Fund Commentary - September 30, 2012
The third quarter ended in a tense atmosphere for global
affairs, marked by protests in several European countries. Concerns
surrounding Europe persisted and the U.S. economy continued to
display signs of weakness. Despite the backdrop, stock markets
around the world rebounded considerably over the period. For
several quarters now, the world economy has been operating with
considerable risks: a Great Recession, the European debt crisis, a
risk of a Greek default, the U.S. fiscal cliff (end of tax relief
measures coupled with major spending cuts) and China's economic
slowdown being some of the highlights.
The U.S. Federal Reserve has committed to buying
$40 billion worth of mortgage-backed securities (MBS) each
month until the job market shows substantial improvement, in
addition to maintaining its key interest rate at nearly zero until
2015. With these measures, the goal is to lower mortgage rates in
order to stimulate the real estate and stock markets, and to
bolster consumer and business confidence. The real estate market is
already performing well compared to the last two interventions;
another important difference with the current intervention.
Despite the difficult economic environment, the equity markets
posted strong gains in the third quarter, propelled by the
anticipated interventions of central banks around the world. The
Federal Reserve finally confirmed a third round of quantitative
easing, while in Europe, ECB president Mario Draghi set up a bond
purchasing program to help financially troubled countries.
On a geographic basis, the Fund was underweight in Canadian and
international securities and overweight in U.S. securities. Stock
selection across a number of sectors produced strong results during
the quarter, including Barclays PLC, Newcrest Mining, Valero
Energy, Gap, Google and CGG Veritas.
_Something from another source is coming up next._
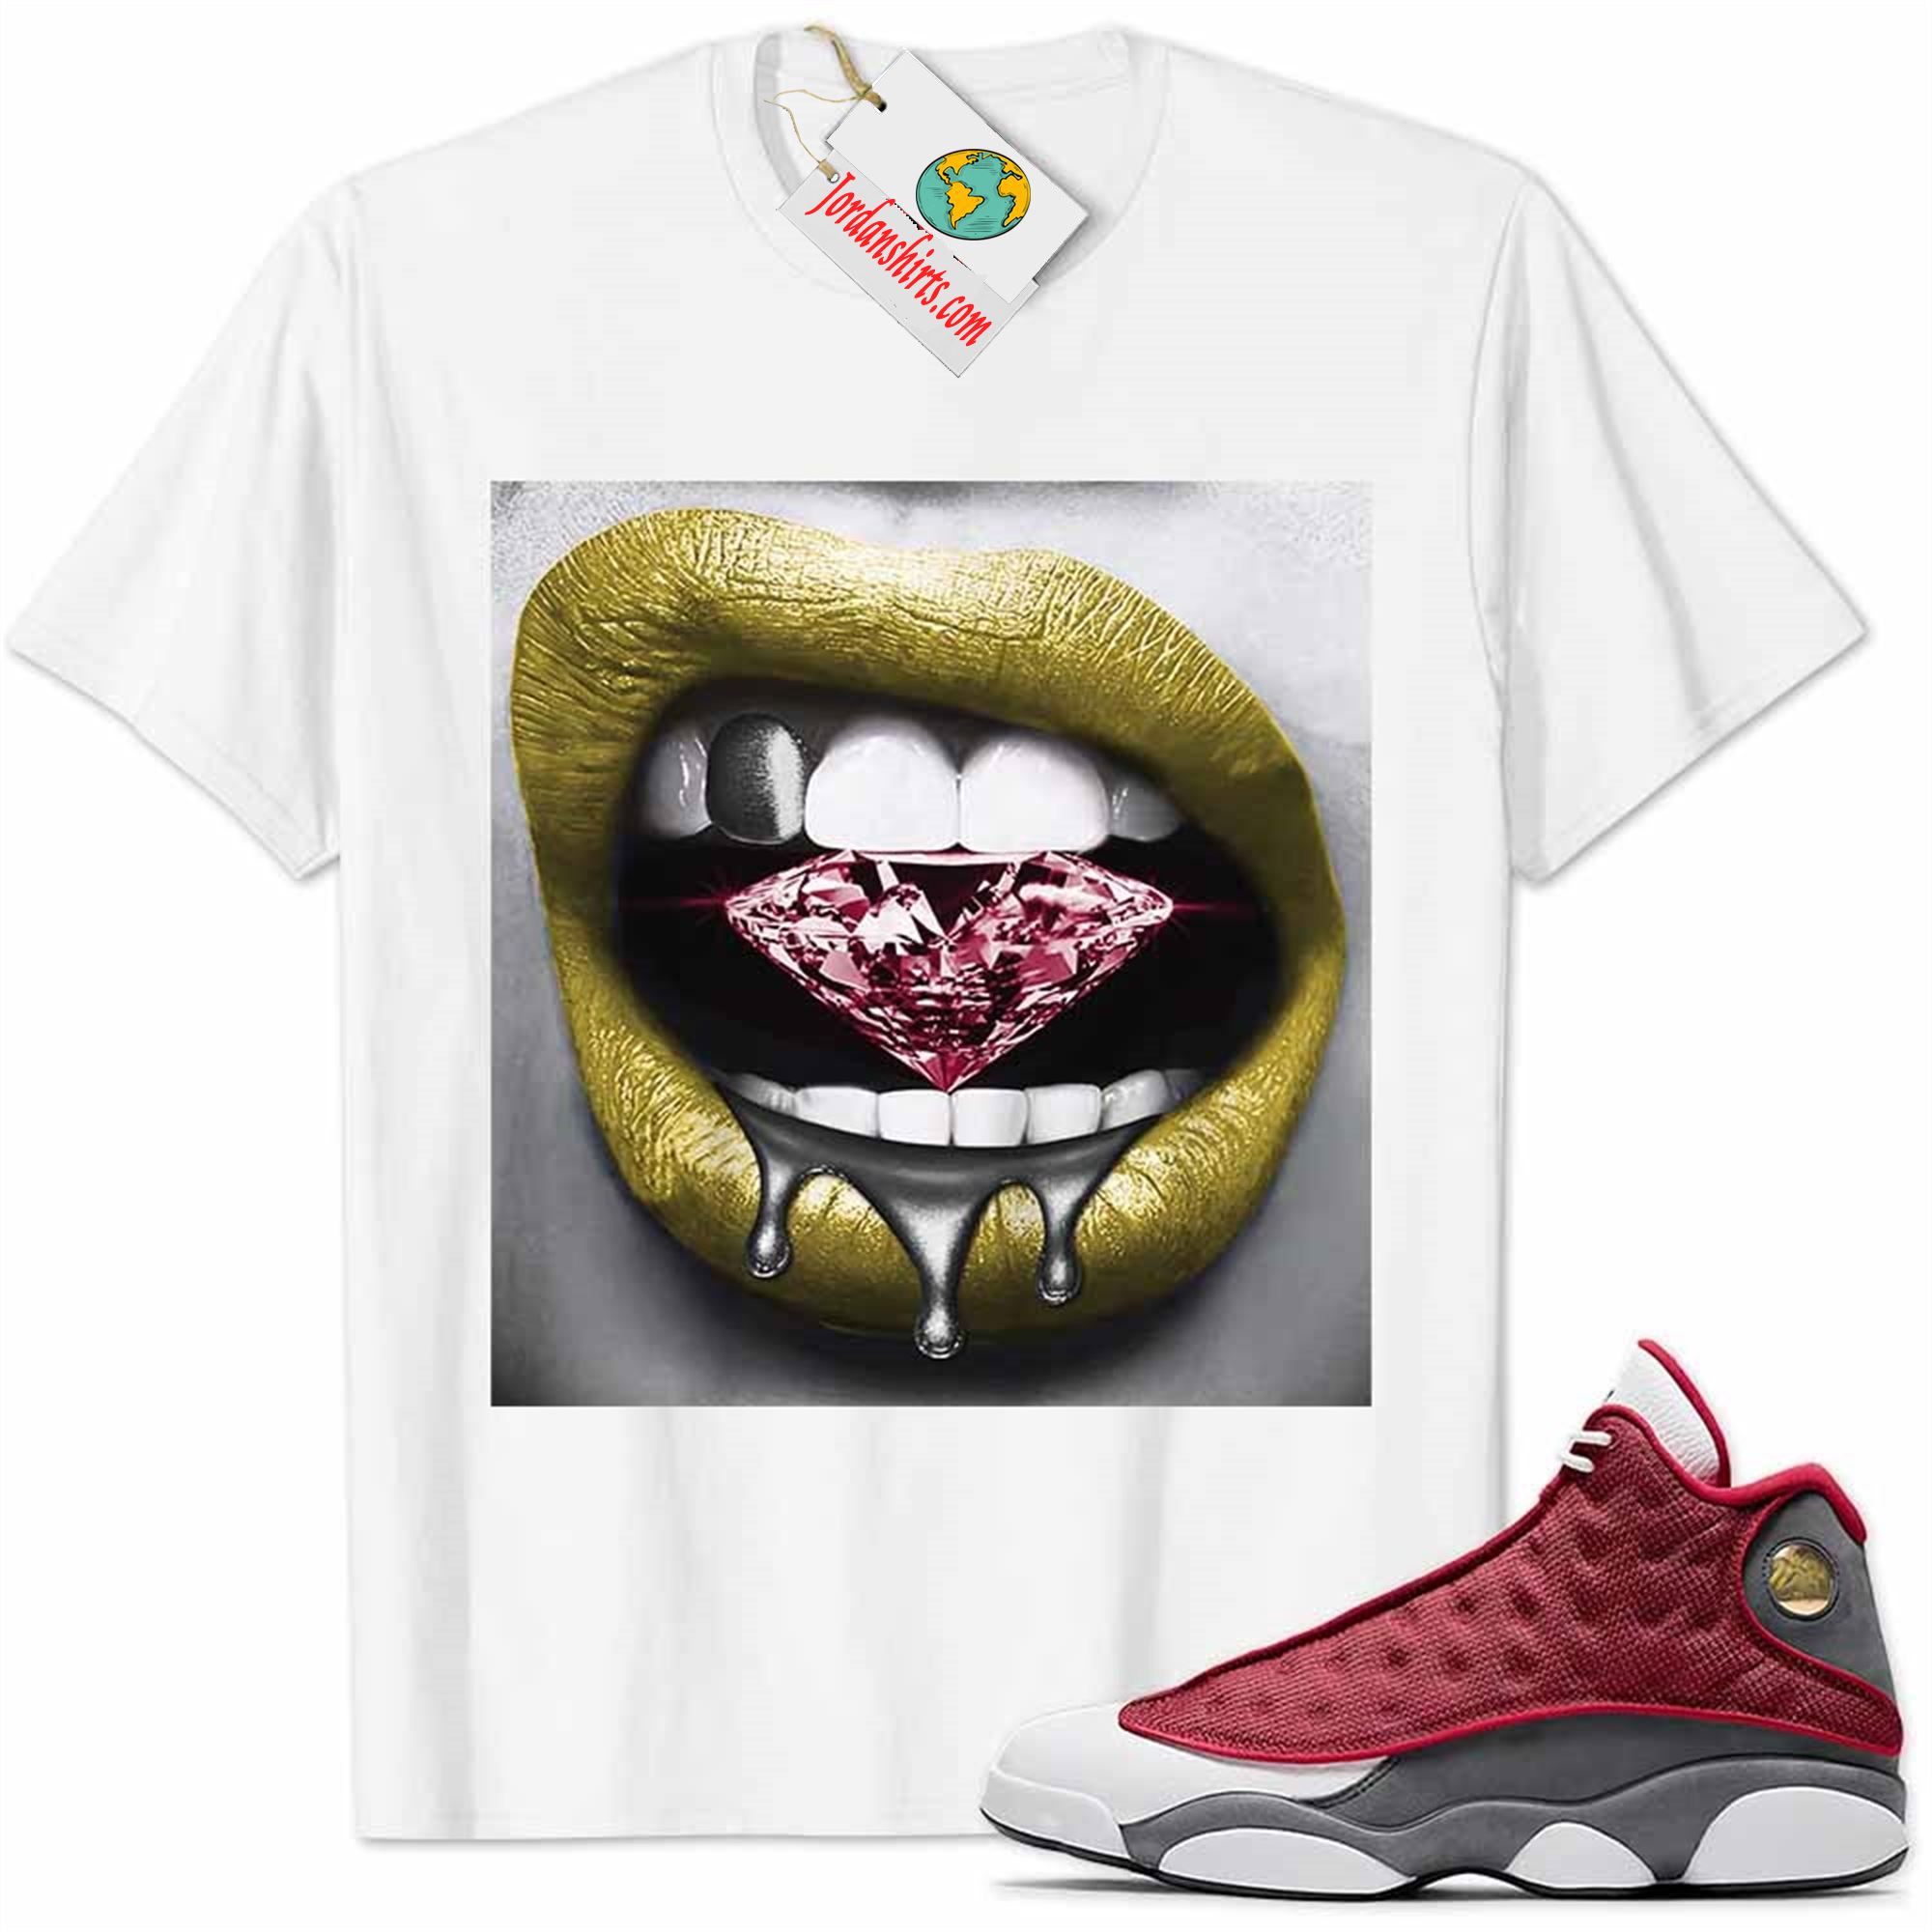 Jordan 13 Shirt, Jordan 13 Red Flint Shirt Sexy Lip Bite Diamond Dripping White Plus Size Up To 5xl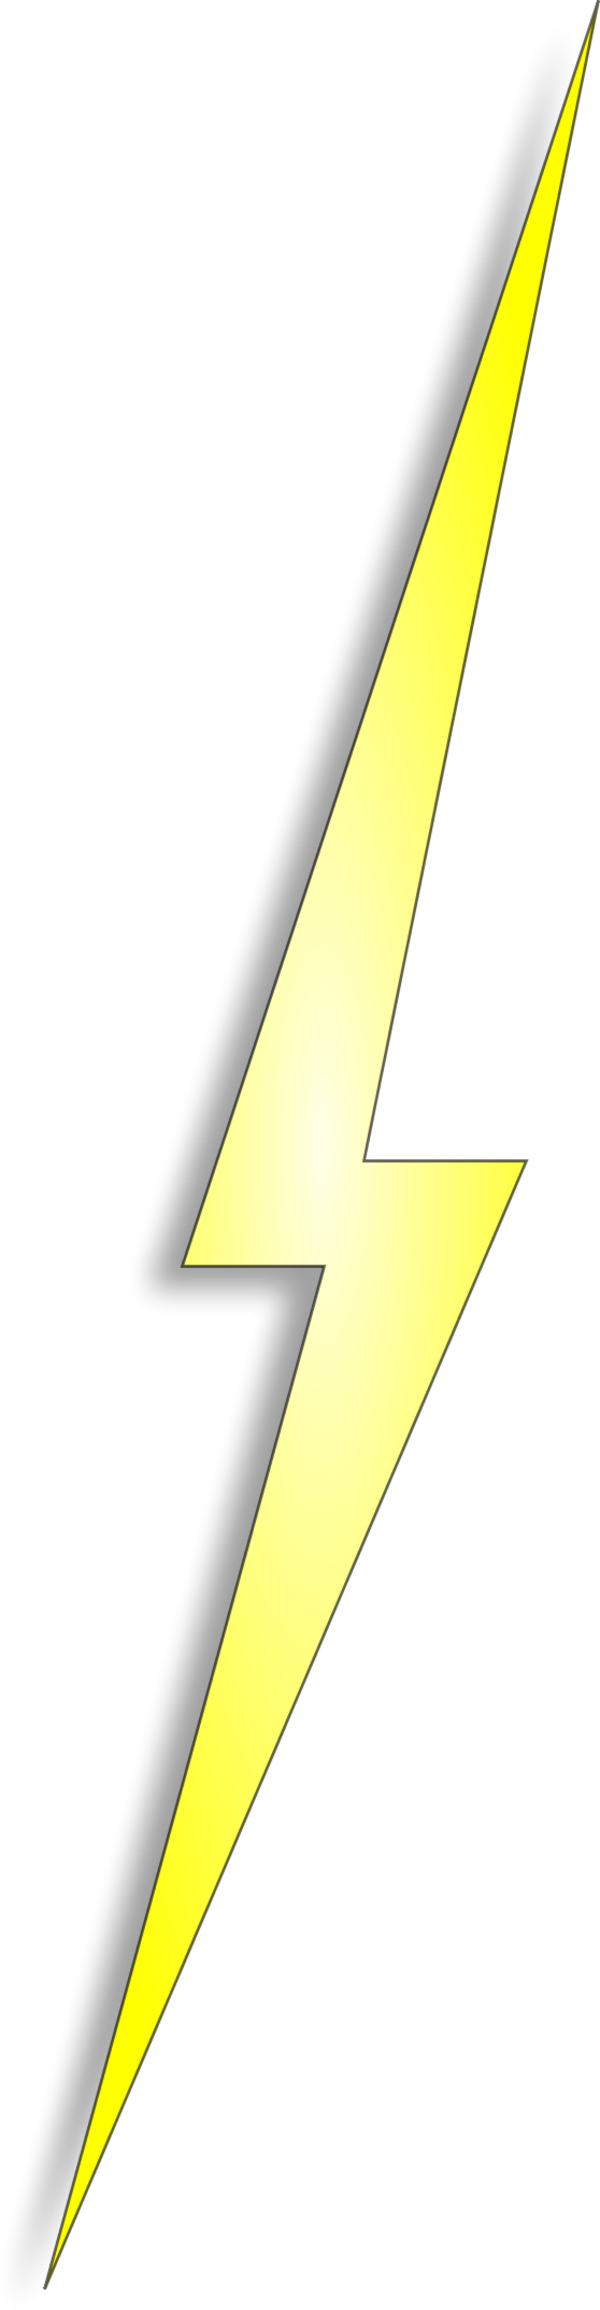 Featured image of post Neon Yellow Lightning Bolt Png - Yellow lightning, adobe flash lightning electricity, flash lightning strike, collections lightning bolt best, thunder light, blue, cloud, computer wallpaper png.

Stocks resulting in
performance detraction included Canon, Amada and Komatsu.
Fiat Industrial, CNH and GlaxoSmithKline were sold after they
reached their target price. Stocks which were added to the
portfolio this quarter included Vale, Norsk Hydro, Wolseley, and
BNP Paribas. Freeport McMoran and Deere & Co., was reintroduced
to the portfolio after profits were taken during the first half of
the year. In addition to having attractive valuations, the
portfolio manager believes this company is well-positioned within
its industry.
After having been more defensively positioned during the first
two quarters of 2012, the portfolio has been gradually shifted in
favor of cyclical positioning. The cash position within the Fund
was reduced along with portfolio weights in the Healthcare and
Consumer Staple sectors. The portfolio manager continues to monitor
the potential for a soft landing in China. The ongoing European
sovereign debt crisis, specifically the concerns with Spain,
remains an issue of concern as well.